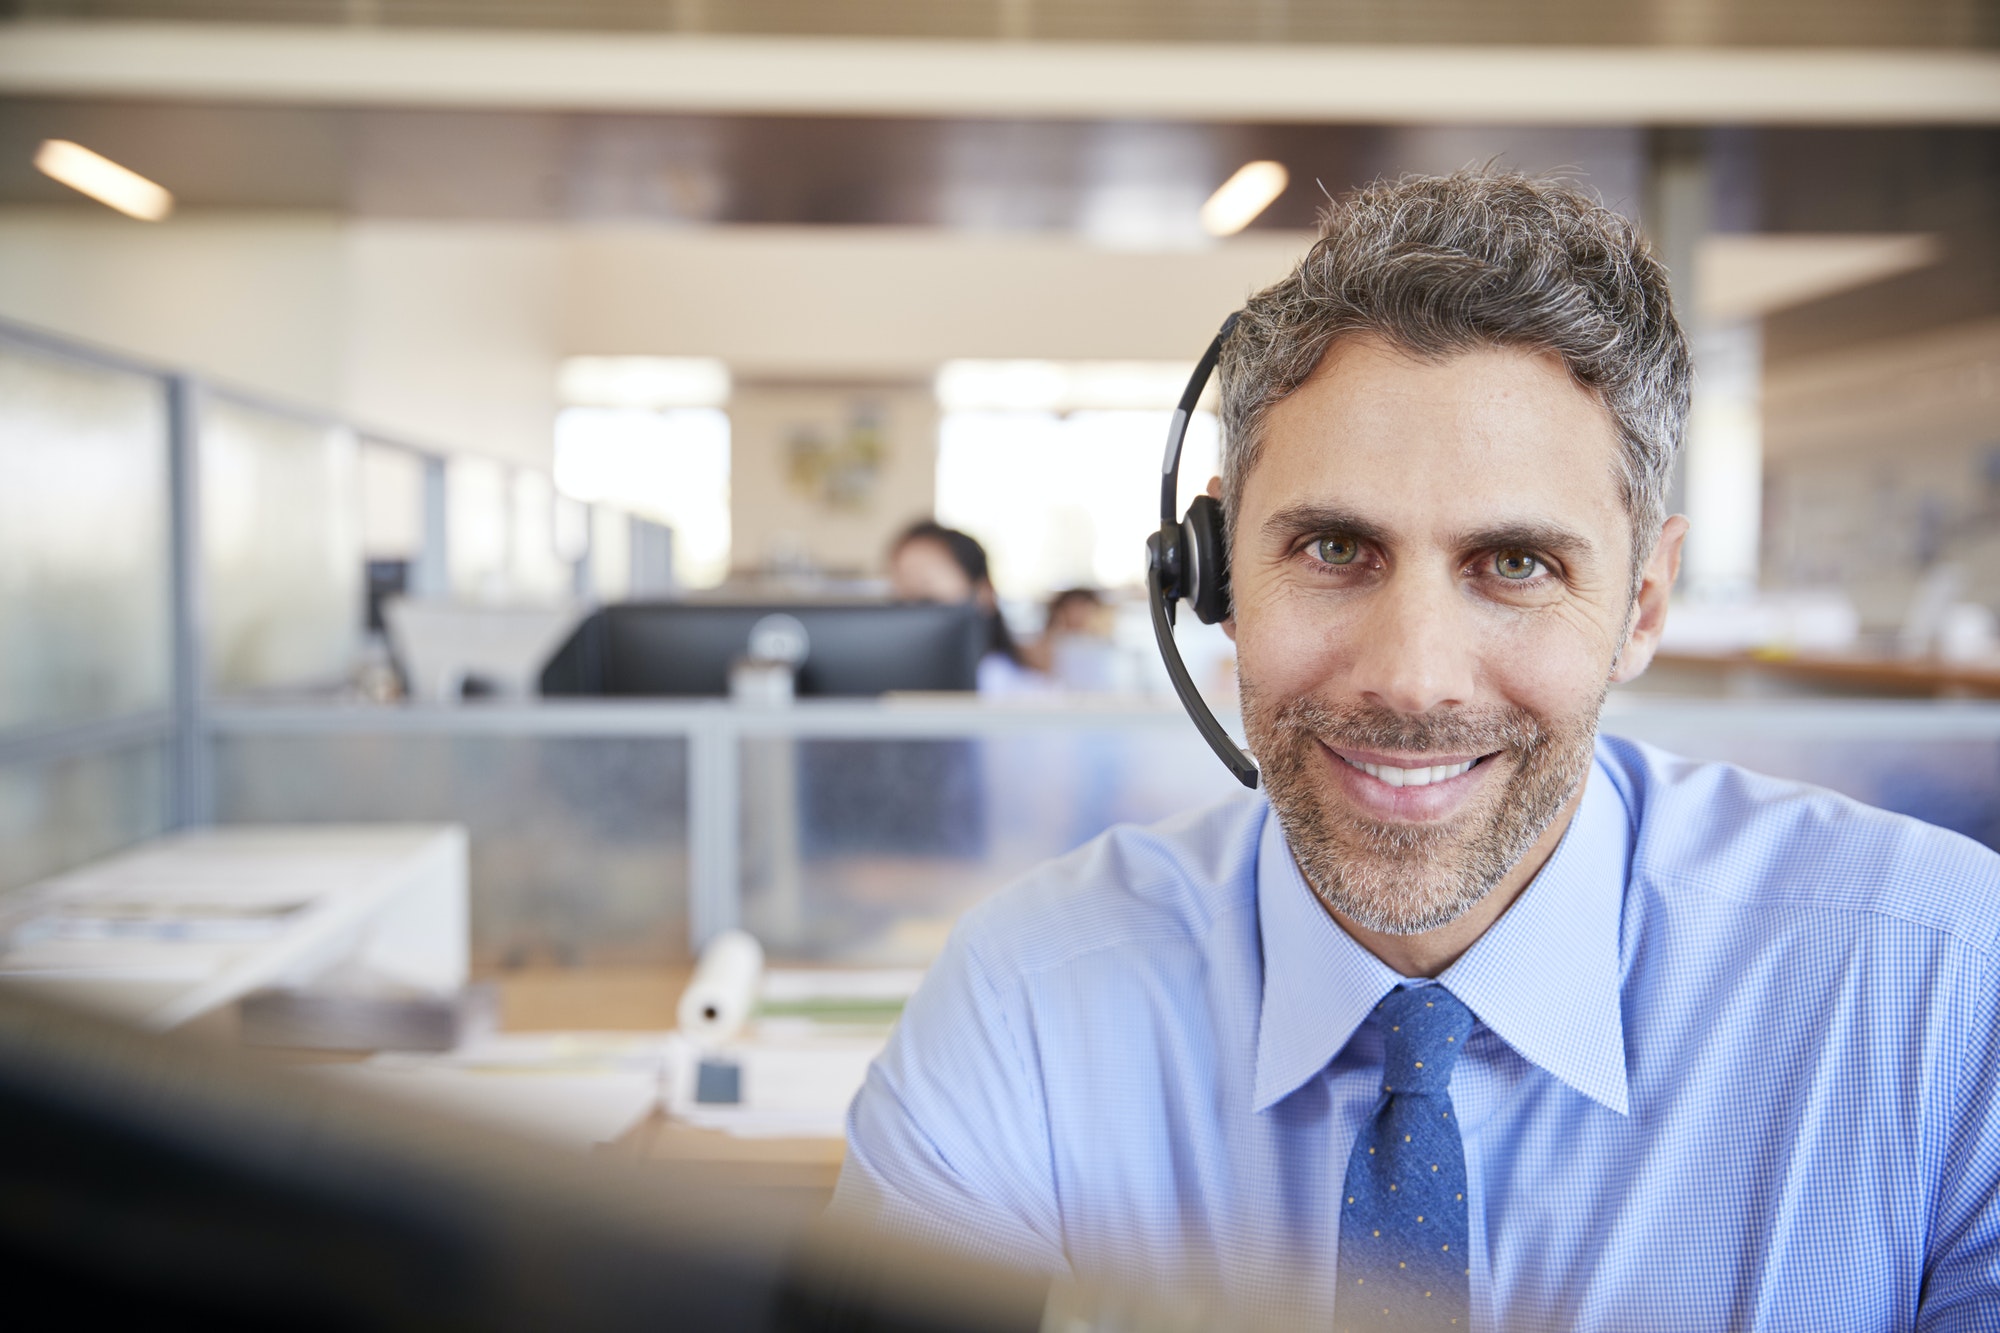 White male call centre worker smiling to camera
...
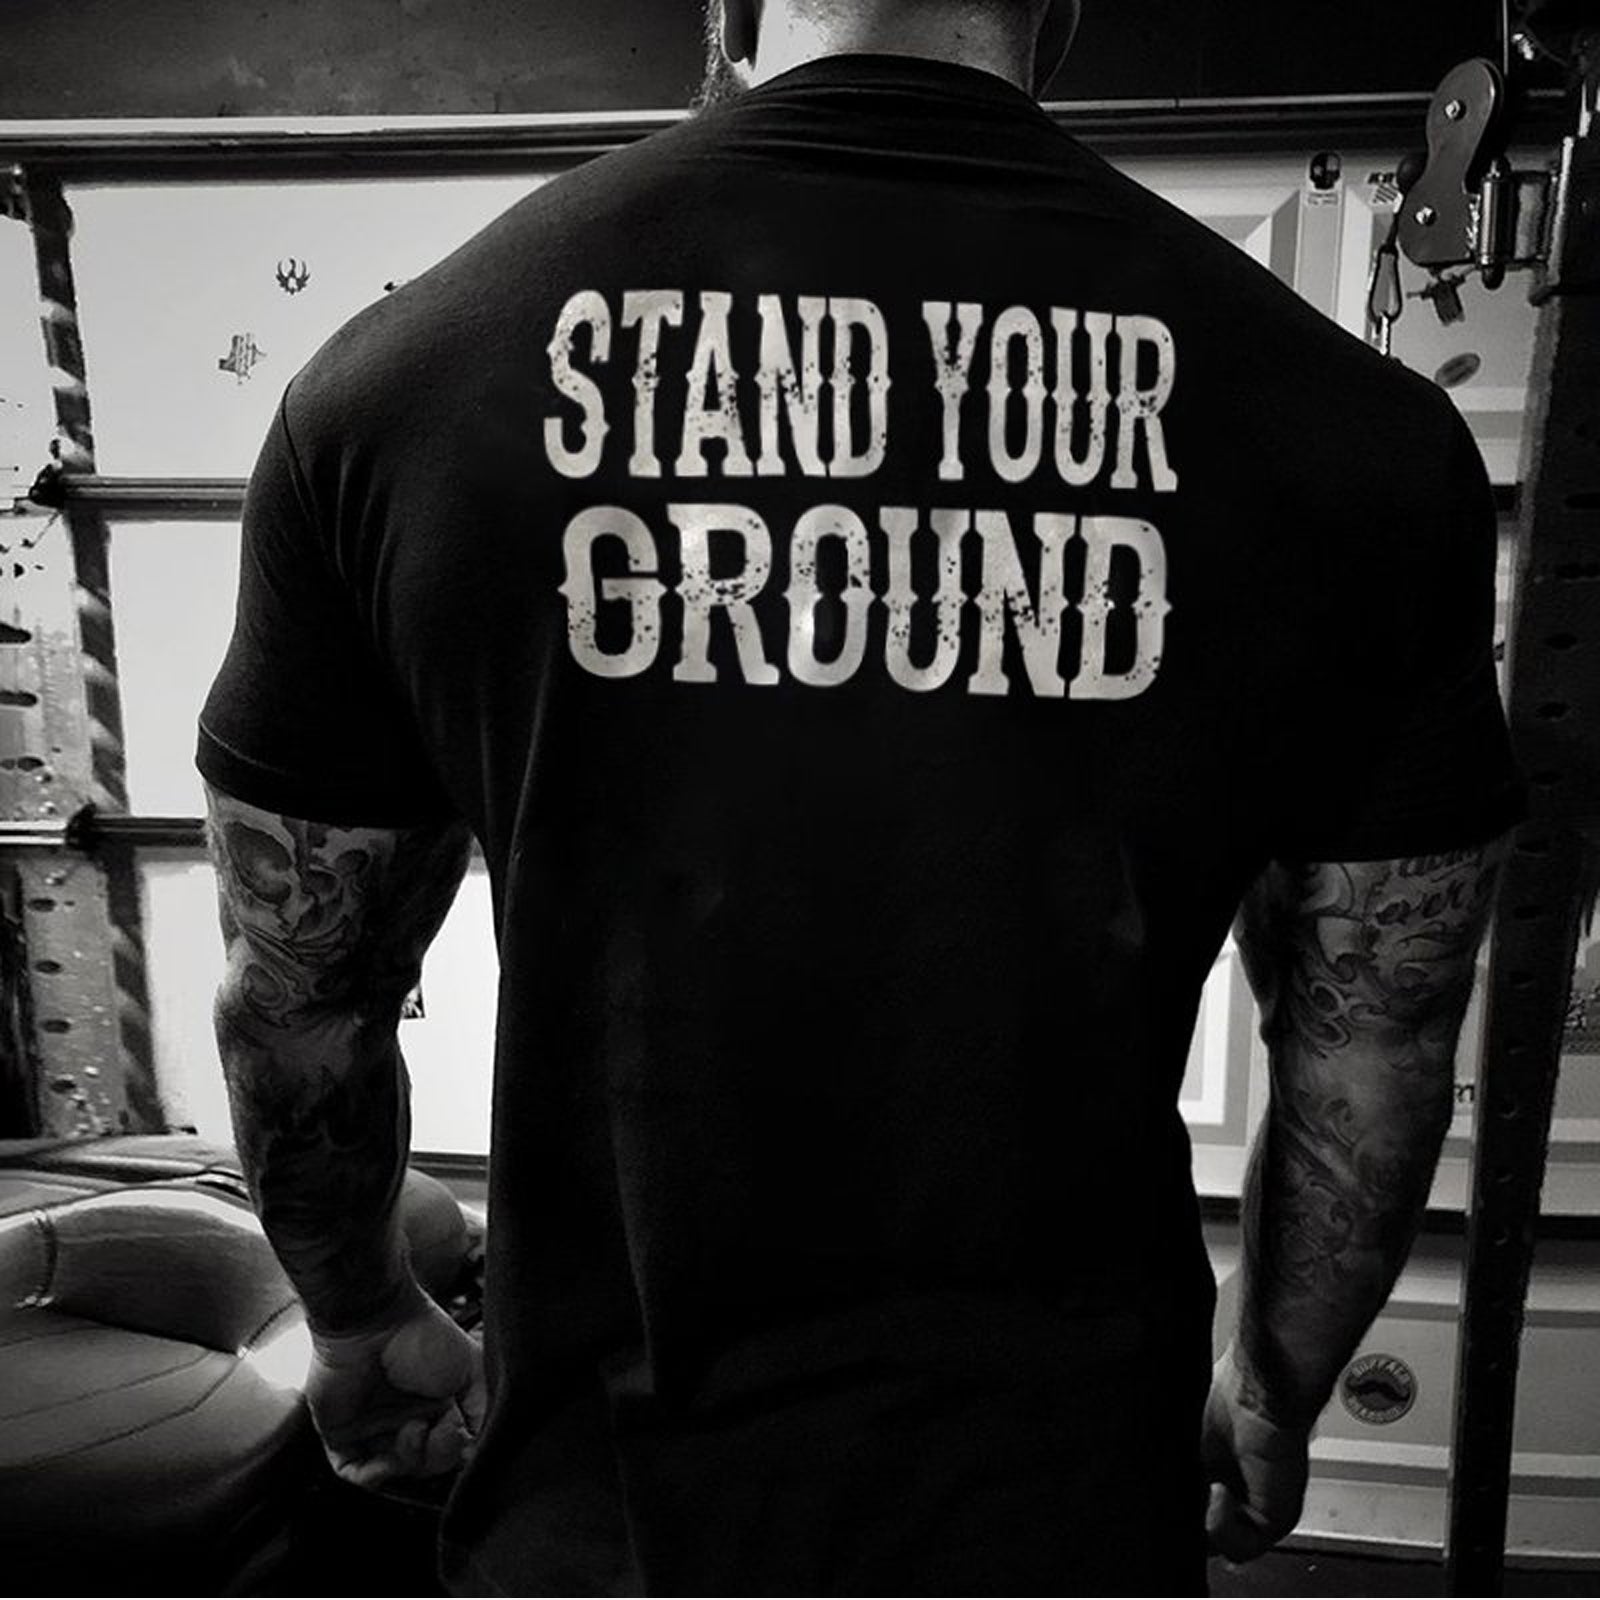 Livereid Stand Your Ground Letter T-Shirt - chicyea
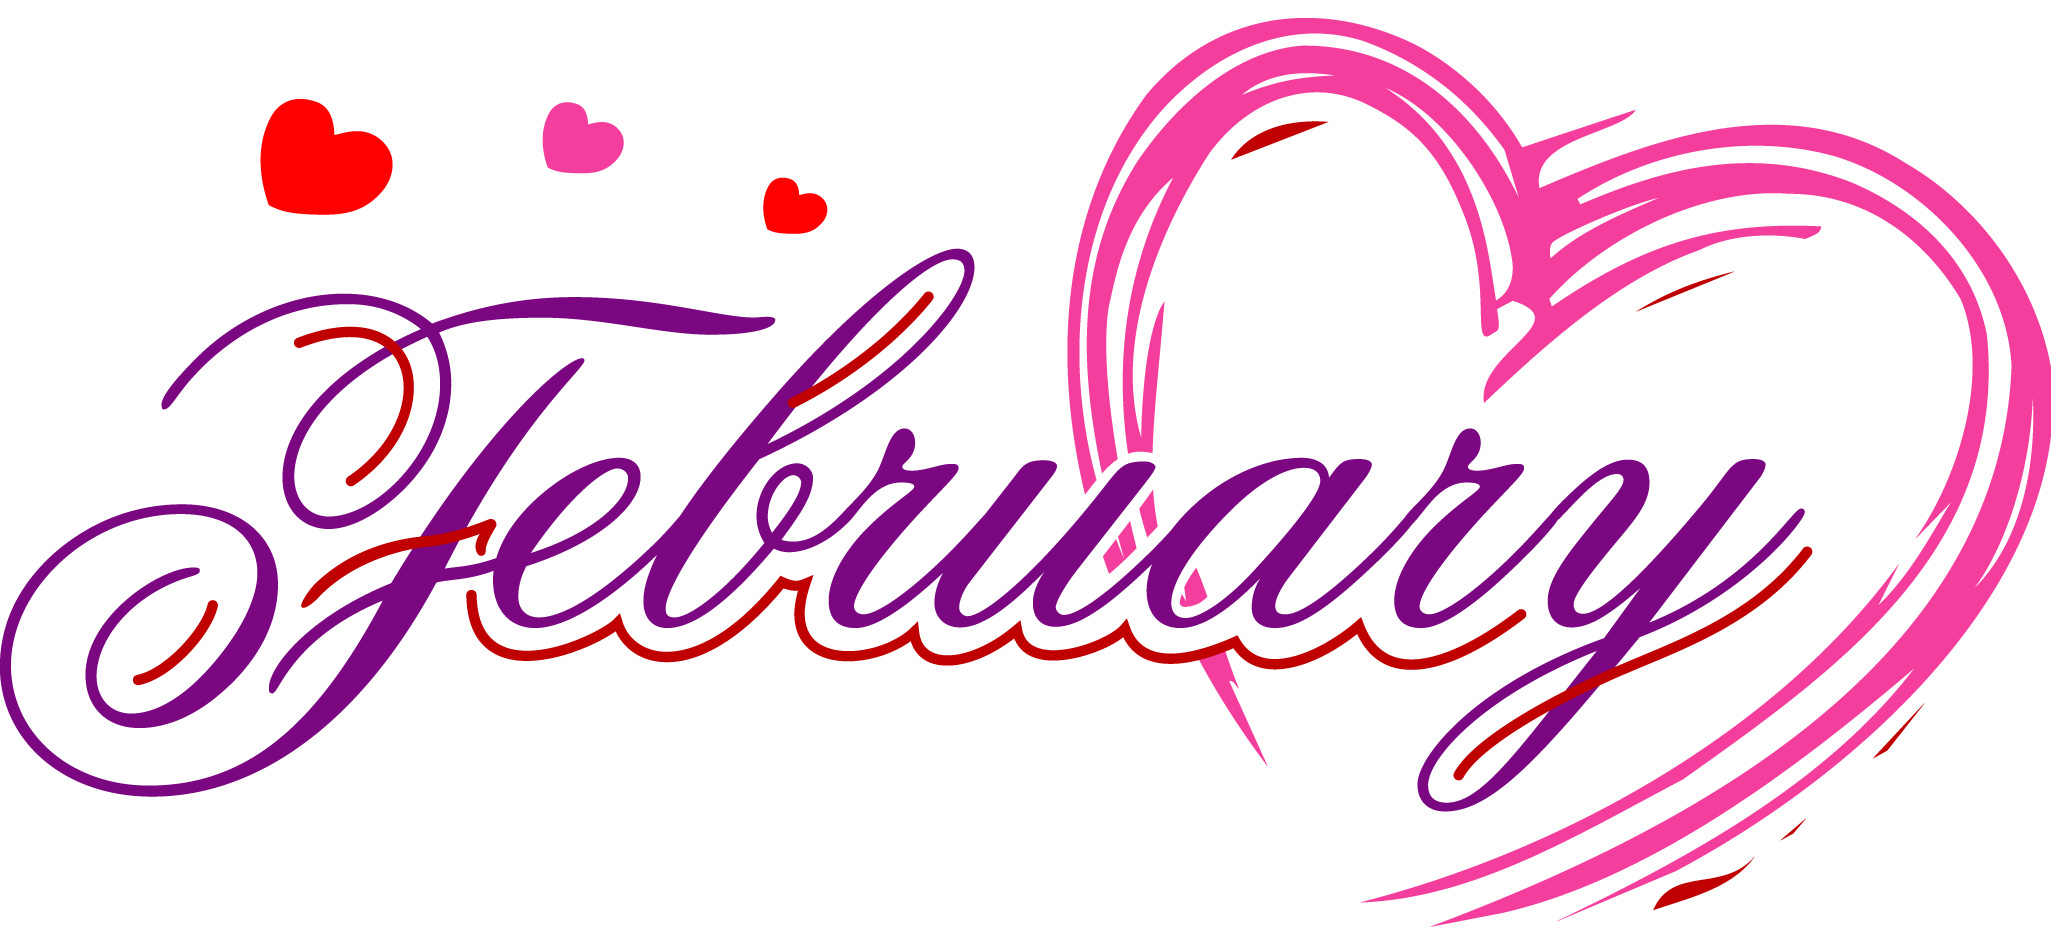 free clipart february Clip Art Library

» WHAT NEEDS TO BE DONE: Look above for the line with "Livereid Stand Your" and the line with "free clipart february Clip Art Library". Copy them and every line between, exactly, but no pictures.

» COMPLETED EXERCISE:
 Livereid Stand Your Ground Letter T-Shirt - chicyea
 free clipart february Clip Art Library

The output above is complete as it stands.